Previous results have shown that SF attenuates LPS-mediated induction of iNOS, COX2 expression and TNF-α secretion in cultured raw macrophages [17]. In vivo administration of SF has resulted in decreased microglia cell activation and up-regulation of a set of inflammatory markers following endotoxin injection [29].

Heiss et al. [17] reported that SF possesses anti-inflammatory activity in raw macrophages due to inhibition on DNA binding of NFκB. Furthermore, SF had inhibitory effects on LPS-mediated retinal microglial activation processes, partly through a p38 MAPK-dependent mechanism. NFκB and MAPKs are two cellular pathways involved in LPS-mediated microglial activation [31]. Our findings suggest an involvement of NFκB in SF-mediated reduction of LPS-induced inflammation in primary rat microglia cells. Further yet, we were able to show that SF suppresses LPS activity via an inhibition of the ERK1/2 and JNK pathway. It was suggested that SF exerts its anti-inflammatory activity via activation of transcription factor nuclear factor erythroid 2-related factor 2 (Nrf2) [18]. SF can directly react with sulfhydryl groups, oxidize cysteine residues and deplete reduced cellular glutathione, thus mimicking an oxidative insult and releasing Nrf2 from Keap-1 binding [32]. It is generally accepted that Nrf2 plays a key role in the adaptive response to oxidative and electrophilic stress, maintaining the cellular self-defence. Nrf2 knockout mice were hypersensitive to the neuroinflammation induced by LPS compared with wild-type mice [29]. Disruption of Nrf2 resulted in a drastic increase in lethality during LPS-induced septic shock [33]. We saw a strong increase of Nrf2 translocation to the nucleus after SF treatment. Altogether, the observations supported that Nrf2 is involved in the anti-inflammatory activity of SF.

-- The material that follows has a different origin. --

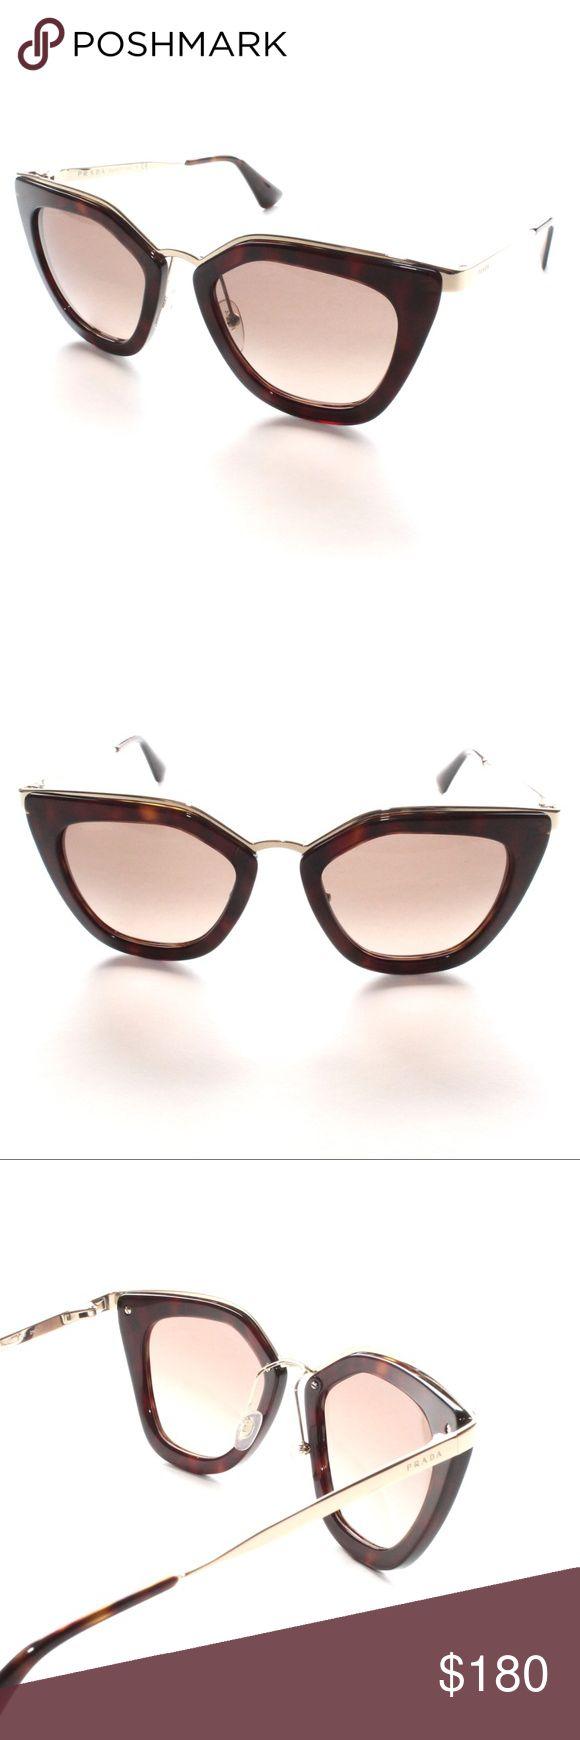 PRADA PR 53S 2AU-3D0 GOLD GRADIENT PR53S SUNGLASSE Brand New 100% AUTHENTIC PRADA PR 53S 2AU-3D0 GOLD GRADIENT PR53S SUNGLASSES 52-21  Comes with Original Prada Case, NO Pouch Prada Accessories Sunglasses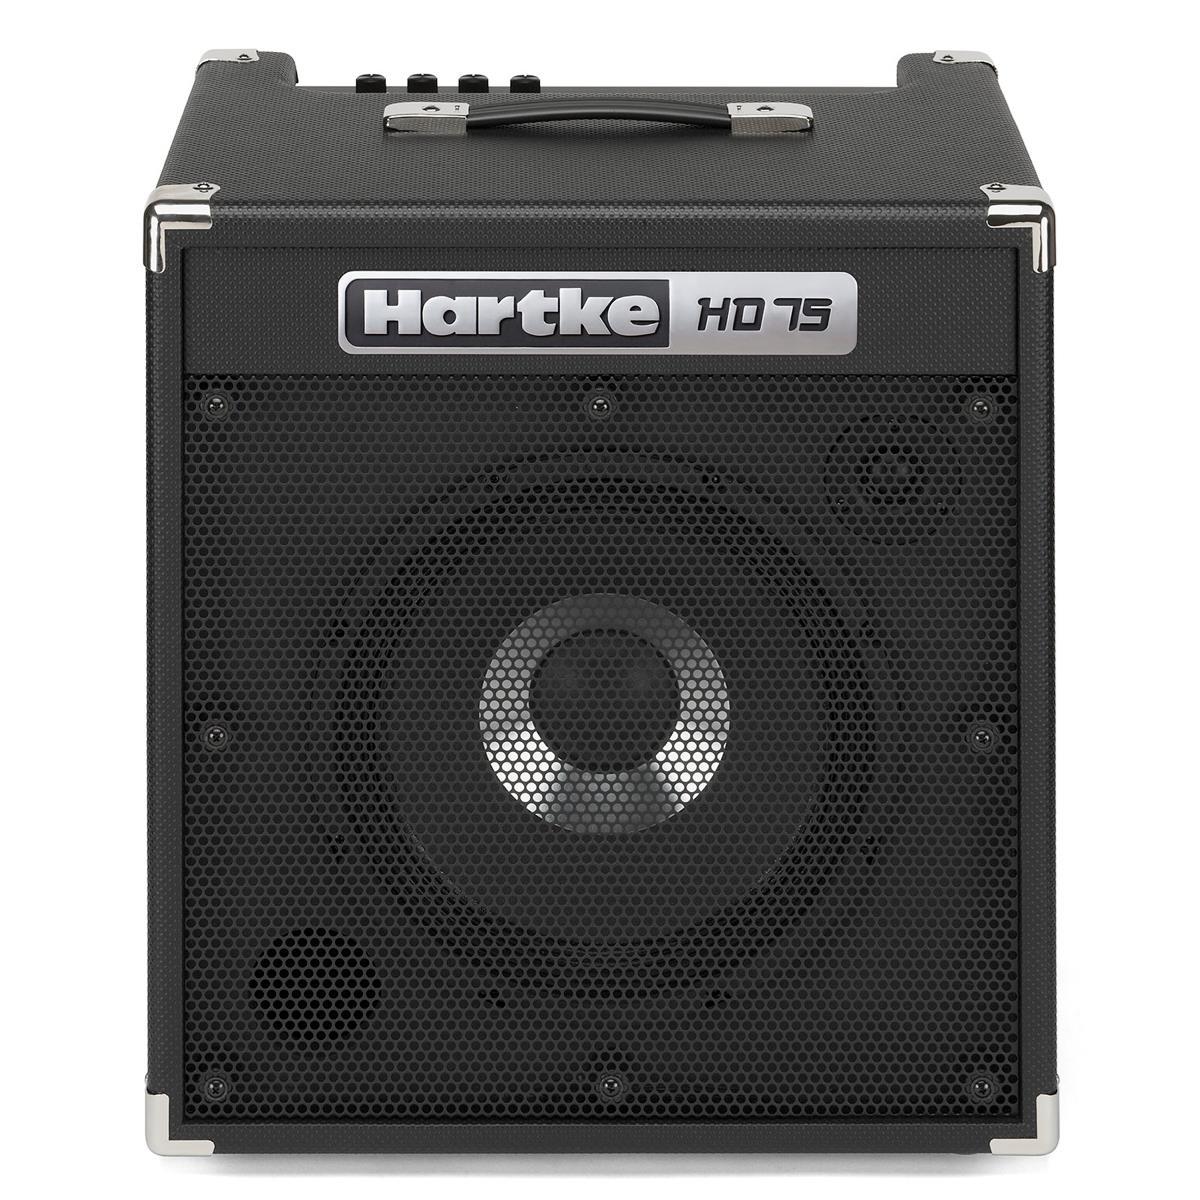 Hartke HD75 - 1x12 - 75W - Bassi Amplificatori - Combo

Consequently, SF down-regulates NFκB signalling pathways during inflammation. Besides NFκB, AP-1 is another LPS-induced pro-inflammatory transcription factor in peritoneal macrophages [34]. AP-1 is activated by MAPK [35]. Lin et al. [18] were able to show that SF displayed a moderate inhibition in LPS-stimulated Nrf2 knockout mice with peritoneal macrophages at high concentrations. They speculated on an impact of AP-1 activity which is not directly related to the Nrf2 pathway. In this context, our results show that SF inhibits AP-1 promoter activity in the murine microglia cell line BV2, using luciferase assay, and the inhibition resulted from the downregulation of ERK and JNK signal transduction.

This study was designed to discover nontoxic substances which exert anti-inflammatory as well as Nrf2-activating properties. The present data demonstrated that SF fulfils these requirements. Therefore, SF might be considered as an adjunct therapeutic strategy to combat neural demise in neurodegenerative diseases.